Find a three-digit number in a string using replaceAll() - java

I have String from which I need to extract a keyword.
Something like: "I have 100 friends and 1 evil".
I need to extract "100" from that String using only replaceAll function and appropriate regex.
I tried to do it in that way:
String input = "I have 100 friends and 1 evil";
String result = input.replaceAll("[^\\d{3}]", "")
But it doesn't work. Any help would be appreciated.

You can consider any of the solutions below:
String result = input.replaceFirst(".*?(\\d{3}).*", "$1");
String result = input.replaceFirst(".*?(?<!\\d)(\\d{3})(?!\\d).*", "$1");
String result = input.replaceFirst(".*?\\b(\\d{3})\\b.*", "$1");
String result = input.replaceFirst(".*?(?<!\\S)(\\d{3})(?!\\S).*", "$1");
See the regex demo. NOTE you may use replaceAll here, too, but it makes little sense as the replacement must occur only once in this case.
Here,
.*? - matches any zero or more chars other than line break chars, as few as possible
(\d{3}) - captures into Group 1 any three digits
.* - matches any zero or more chars other than line break chars, as many as possible.
The (?<!\d) / (?!\d) lookarounds are digit boundaries, there is no match if the sequence is four or more digits. \b are word boundaries, there will be no match of the three digits are glued to a letter, digit or underscore. (?<!\S) / (?!\S) lookarounds are whitespace boundaries, there must be a space or start of string before the match and either a space or end of string after.
The replacement is $1, the value of Group 1.
See the Java demo:
String input = "I have 100 friends and 1 evil";
System.out.println(input.replaceFirst(".*?(\\d{3}).*", "$1"));
System.out.println(input.replaceFirst(".*?(?<!\\d)(\\d{3})(?!\\d).*", "$1"));
System.out.println(input.replaceFirst(".*?\\b(\\d{3})\\b.*", "$1"));
System.out.println(input.replaceFirst(".*?(?<!\\S)(\\d{3})(?!\\S).*", "$1"));
All output 100.

Related

How to match all combinations of numbers in a string that do not start with an English letter in regular matching in Java

I have a String like
String str = "305556710S or 100596269C OR CN111111111";
I just want to match the characters in this string that start with numbers or start with numbers and end with English letters,
Then prefix the matched characters add with two "??" characters.
I write a Patern like
Pattern pattern = Pattern.compile("^[0-9]{1,10}[A-Z]{0,1}", Pattern.CASE_INSENSITIVE);
Matcher matcher = pattern.matcher(str);
while (matcher.find()) {
int start = matcher.start();
int end = matcher.end();
String matchStr = matcher.group();
System.err.println(matchStr);
}
But it can only match the first character "305556710S".
But If I modify the Pattern
Pattern pattern = Pattern.compile("[0-9]{1,10}[A-Z]{0,1}", Pattern.CASE_INSENSITIVE);
It will matches "305556710S","100596269C","111111111".But the prefix of "111111111" is English character "CN" which is not my goal.
I only want match the "305556710S" and "100596269C" and add two "??" characters before the matched Characters.Can somebody help me ?
First, you should avoid the ^ in this particular regexp.
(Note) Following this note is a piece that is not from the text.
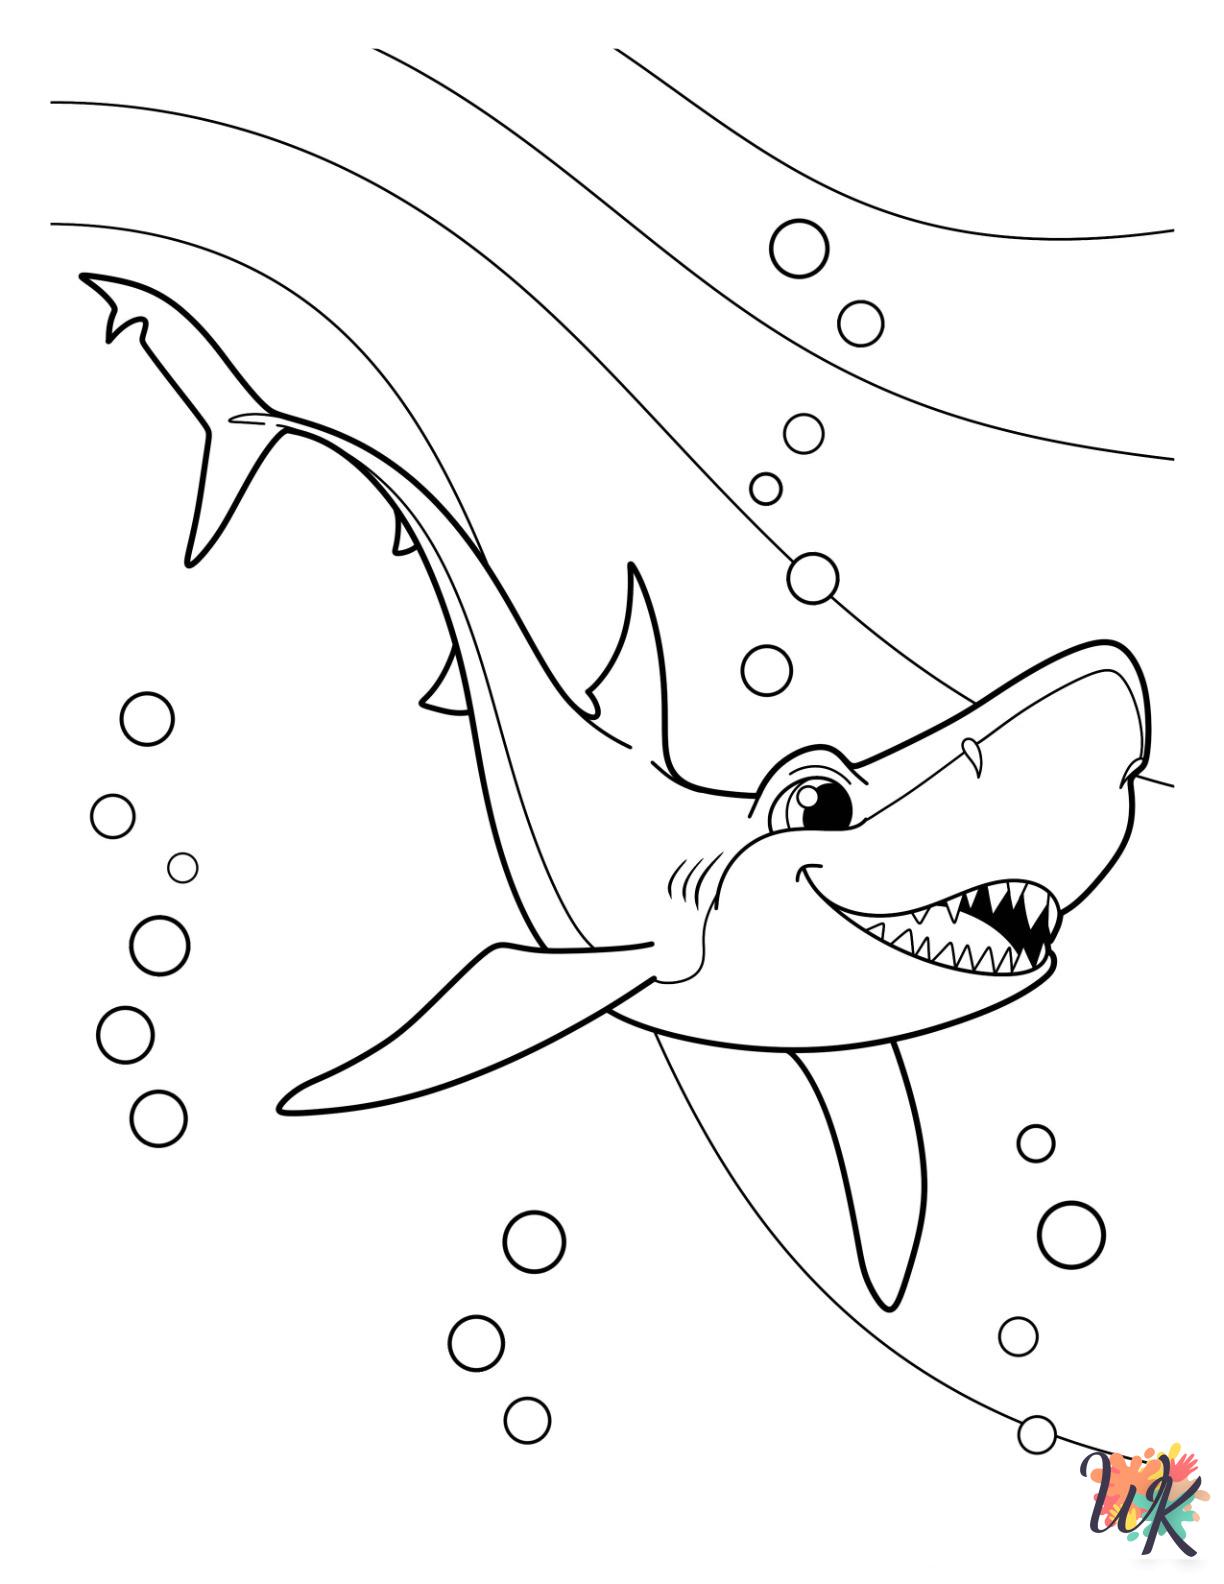 Shark themed coloring pages

As you noticed, you can't return more than one result, as "^" is an instruction for "match the beginning of the string"
Using \b can be a solution, but you may get invalid results. For example
305556710S or -100596269C OR CN111111111
The regexp "\\b[0-9]{1,10}[A-Z]{0,}\\b" will match 100596269C (because the hyphen is not word character, so there is a word boundary between - and 1)
The following regexp matches exactly what you want: all numbers, that may be followed by some English chars, either at the beginning of the string or after a space, and either followed by a space or at the end of the string.
(?<=^| )[0-9]{1,10}[A-Z]*(?= |$)
Explanations:
(?<=^| ) is a lookbehind. It makes sure that there is either ^ (string start) or a space behind actual location. Note that lookbehinds don't add matching chars to the result: the space won't be part of the result
[0-9]{1,10}[A-Z]* matches digits (at least one, up to ten), then one or more letters.
(?= |$) is a lookahead. It makes sure that there will be either a space or $ (end of string) after this match. Like lookbehinds, the chars aren't added to the results and position remains the same : the space read here for example can also be read by the lookbehind of the next captured string
Examples : 305556710S or 100596269C OR CN111111111 matches: at index 0 [305556710S], at index 15 [100596269C]; 100596269C123does not match.
I think you need to use word boundaries \b. Try this changed pattern:
"\\b[0-9]{1,10}[A-Z]{0,1}\\b"
This prints out:
305556710S
100596269C
Why it works:
The difference here is that it will check only those character sequences that are within a pair of word boundaries. In the earlier pattern you used, a character sequence even from the middle of a word may be used to match against the pattern due to which even 11111... from CN1111... was matched against the pattern and it passed.
A word boundary also matches the end of the string input. So, even if a candidate word appears at the end of the line, it will get picked up.
If more than one English alphabet can come at the end, then remove the max occurrence indicator, 1 in this case:
"\\b[0-9]{1,10}[A-Z]{0,}\\b"

Java int to fraction

How can i change 4 -1/4 -5 to 4/1 -1/4 -5/1 using regex?
String str = "4 -1/4 -5";
String regex = "(-?\\d+/\\d+)";
Matcher matcher = Pattern.compile(regex).matcher(str);
My code finding only fraction but i want to find integer without fraction.
String result = str.replaceAll("(?<!/)\\b\\d+\\b(?!/)", "$0/1");
looks for entire numbers (\b\d+\b), not preceded by ((?<!/)) nor followed by a slash ((?!/)), and adds /1 to them.
Try (?<=-| |^)(\d+)(?!\d*\/)
Explanation:
(?<=...) - positive lookahead, assert, what precedes matches pattern inside
-| |^ - match either -, , or beginning of a line ^
(\d+) - match one or more digits and store in first capturing group
(?!\d*\/) - negative lookahead, assert what follows is not zero or mroe digits followed by \/.
Replace it with \1/1, so first capturing group followed by /1
Demo
I'm not sure I understand what you want to do here, but if you want to remove the slashes you can use:
str.replaceAll("\\/", " ");
This will leave you with a string having only the integers.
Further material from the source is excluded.